**DATASET EXCERPT:**
◆ ◆ ◆

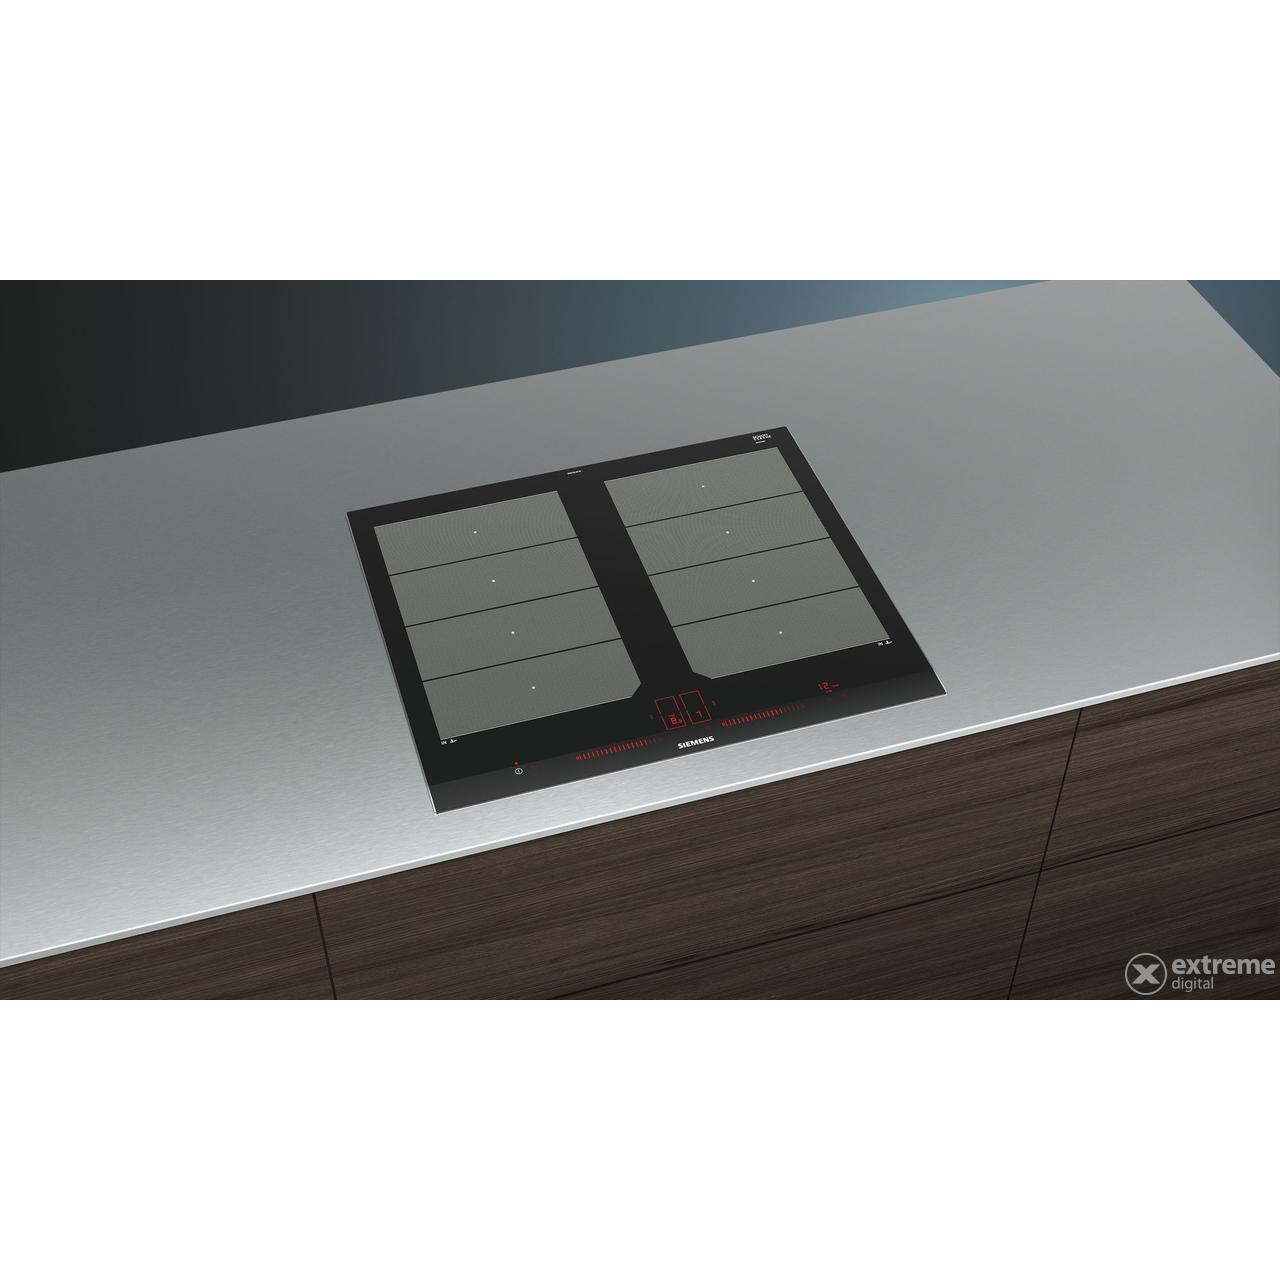 siemens ex675lxc1e be p thet indukci d vegker mia. Black Bedroom Furniture Sets. Home Design Ideas
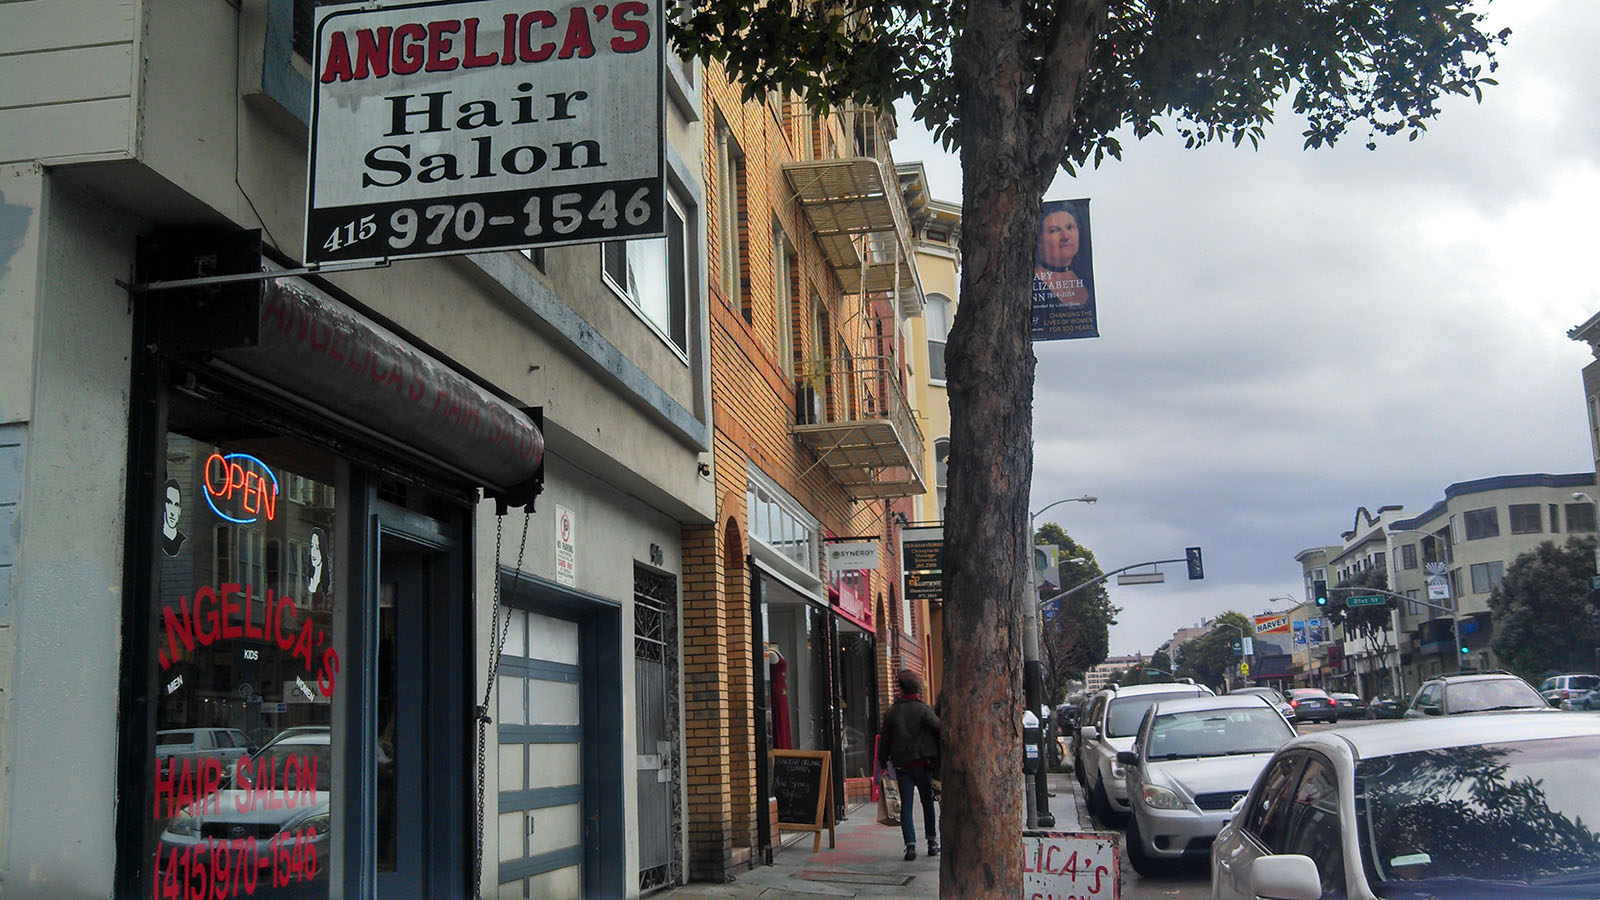 Saturdays at Angelica's Hair Salon
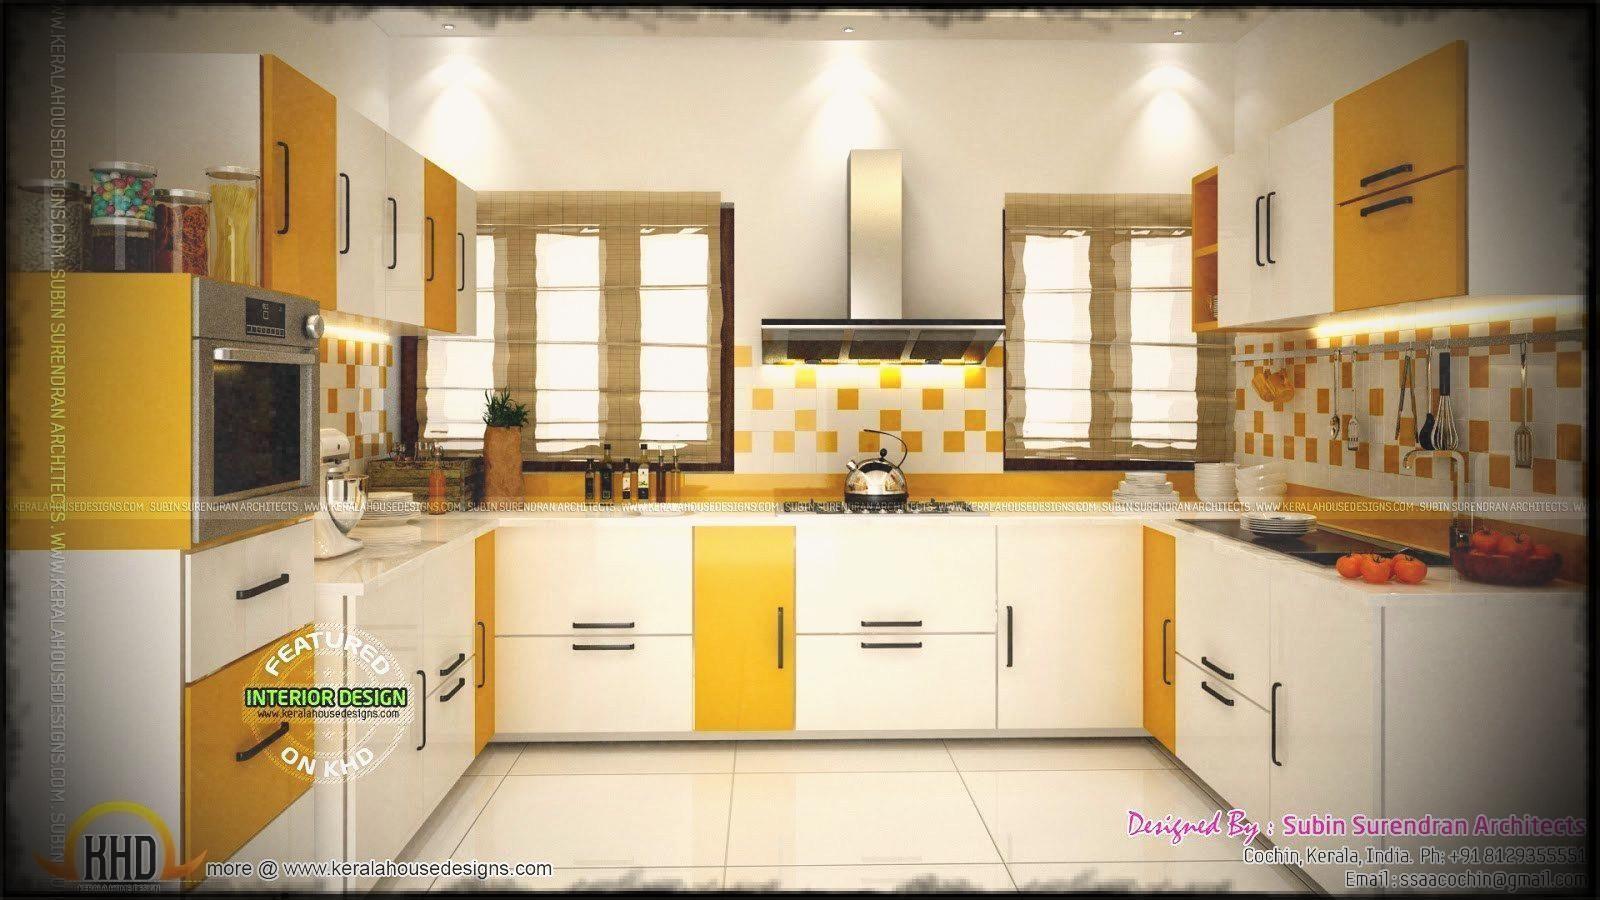 Pin by Vijayjeya on jeya in 9   Interior design kitchen, Modern ...

◆ ◆ ◆

**DIRECTIONS FOR THIS TASK:** Beginning with the line that contains "Saturdays at Angelica's Hair Salon" and ending with the last line of the data above, output those lines exactly and nothing more, without any pictures.

**PROBLEM SOLUTION:**
 Saturdays at Angelica's Hair Salon
 Pin by Vijayjeya on jeya in 9   Interior design kitchen, Modern ...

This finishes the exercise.